## TASK TO CARRY OUT
Output word for word the lines from the one with "Couloir extérieur voûté" to the final line of the data, both ends included, but skip the pictures.

## SOURCE MATERIAL
========
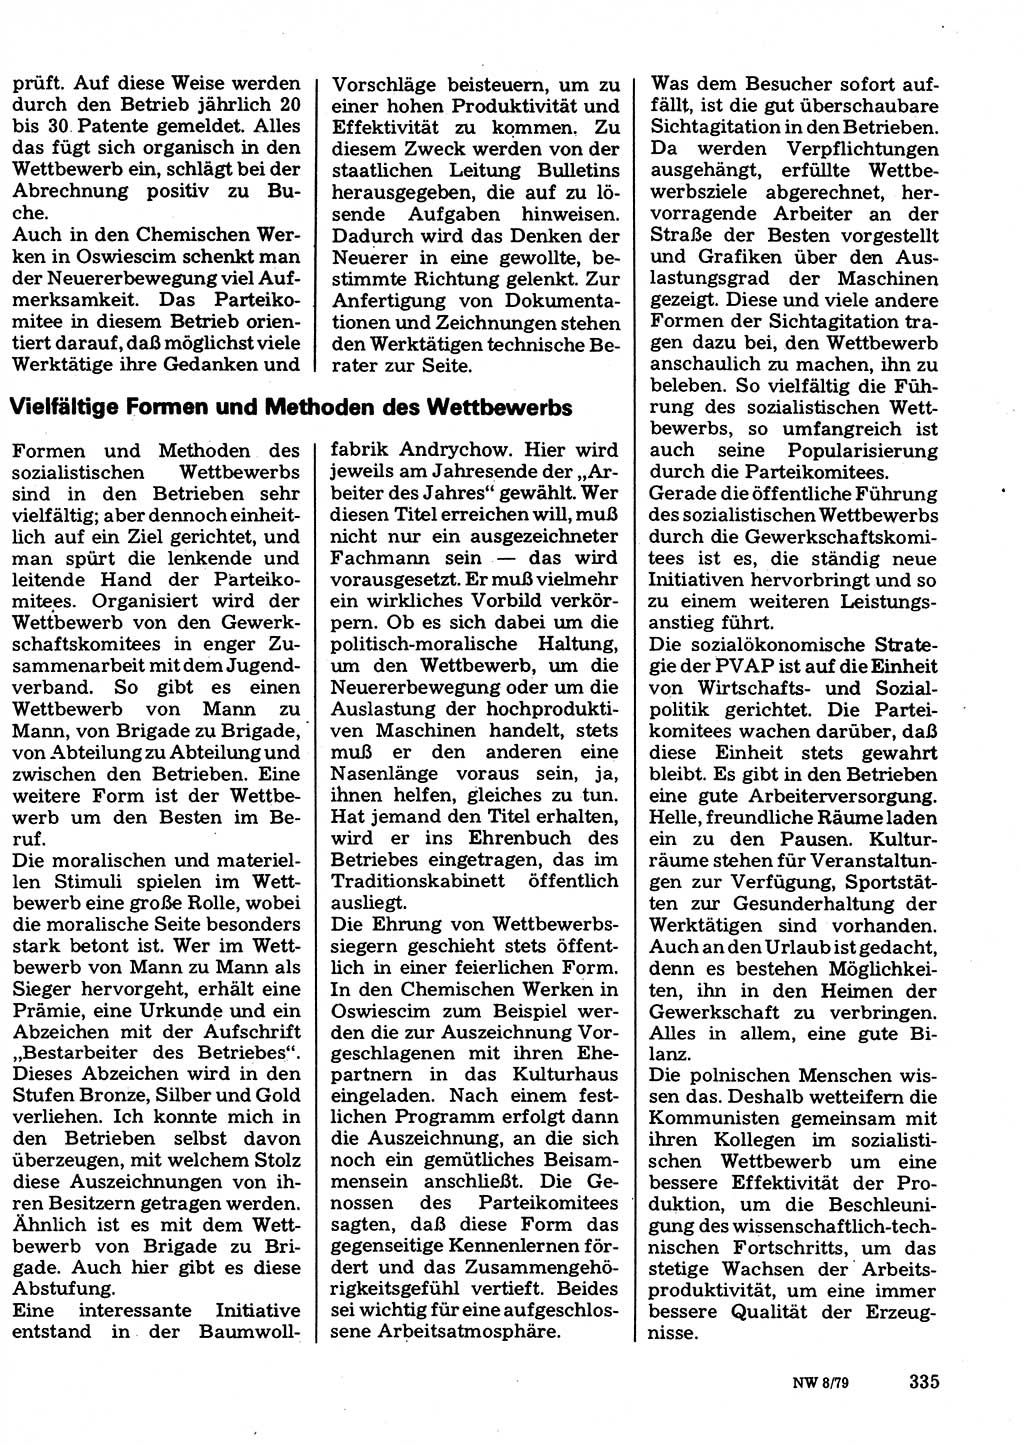 Neuer Weg (NW), Organ des Zentralkomitees (ZK) der SED (Sozialistische Einheitspartei Deutschlands) für Fragen des Parteilebens, 34. Jahrgang [Deutsche Demokratische Republik (DDR)] 1979, Seite 335 (NW ZK SED DDR 1979, S. 335)
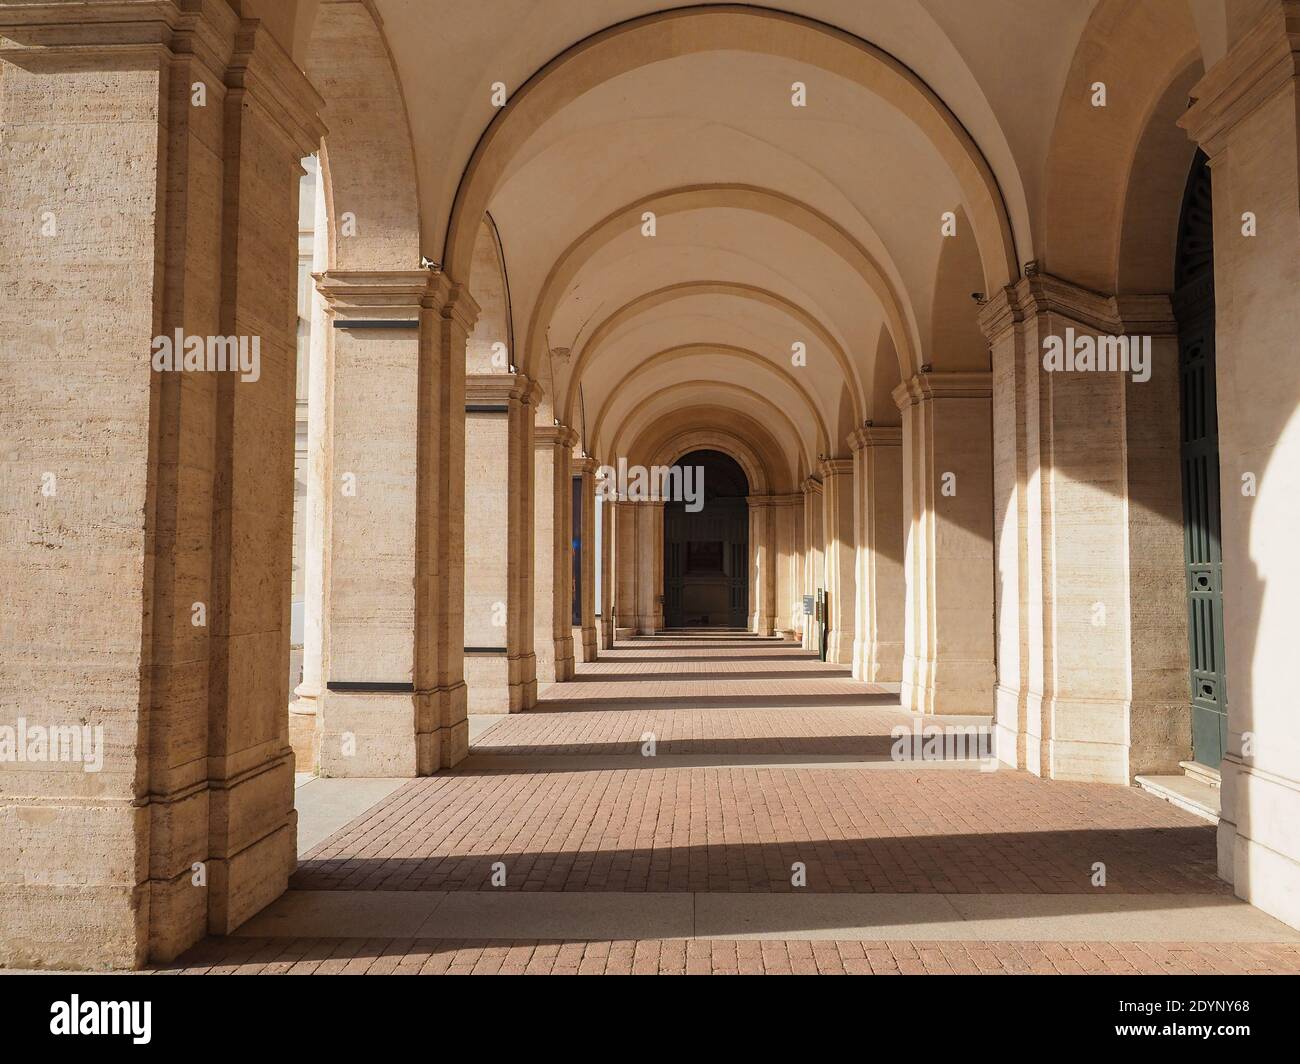 Couloir extérieur voûté ou entrée à la Galerie nationale d'Art ancien avec une collection renommée d'œuvres d'art au Palais baroque Barberini, Rome, Italie. Banque D'Images
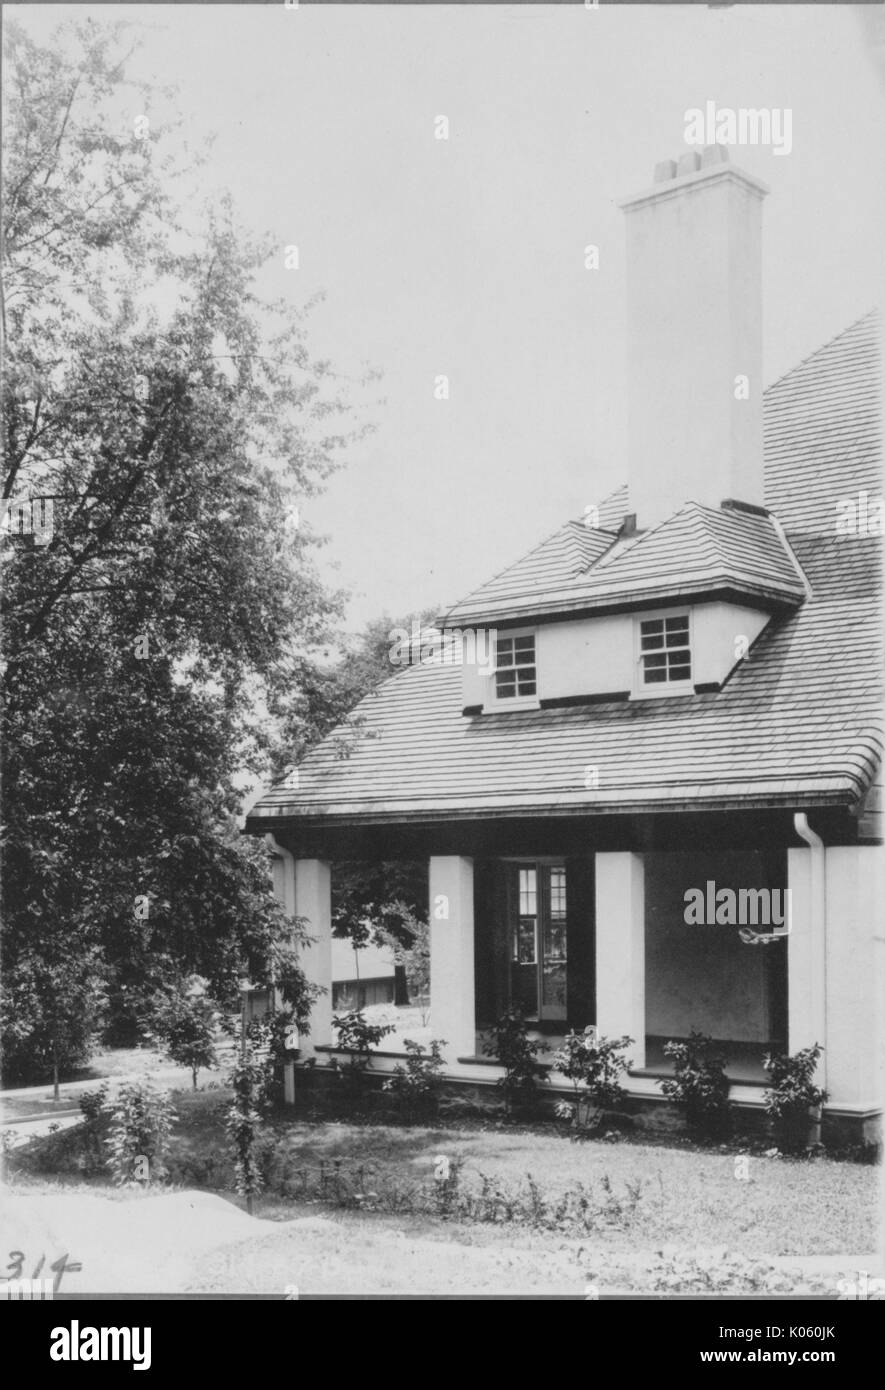 Seite Winkel auf der Seite Veranda eines Hauses in der Nähe von Roland Park und Guilford, die seitlichen Veranda hat mehrere leichte farbige Spalten als Unterstützung und es gibt einige Büsche um es platziert, Baltimore, Maryland, 1910. Stockfoto
========
## TASK ANSWER
 Couloir extérieur voûté ou entrée à la Galerie nationale d'Art ancien avec une collection renommée d'œuvres d'art au Palais baroque Barberini, Rome, Italie. Banque D'Images
 Seite Winkel auf der Seite Veranda eines Hauses in der Nähe von Roland Park und Guilford, die seitlichen Veranda hat mehrere leichte farbige Spalten als Unterstützung und es gibt einige Büsche um es platziert, Baltimore, Maryland, 1910. Stockfoto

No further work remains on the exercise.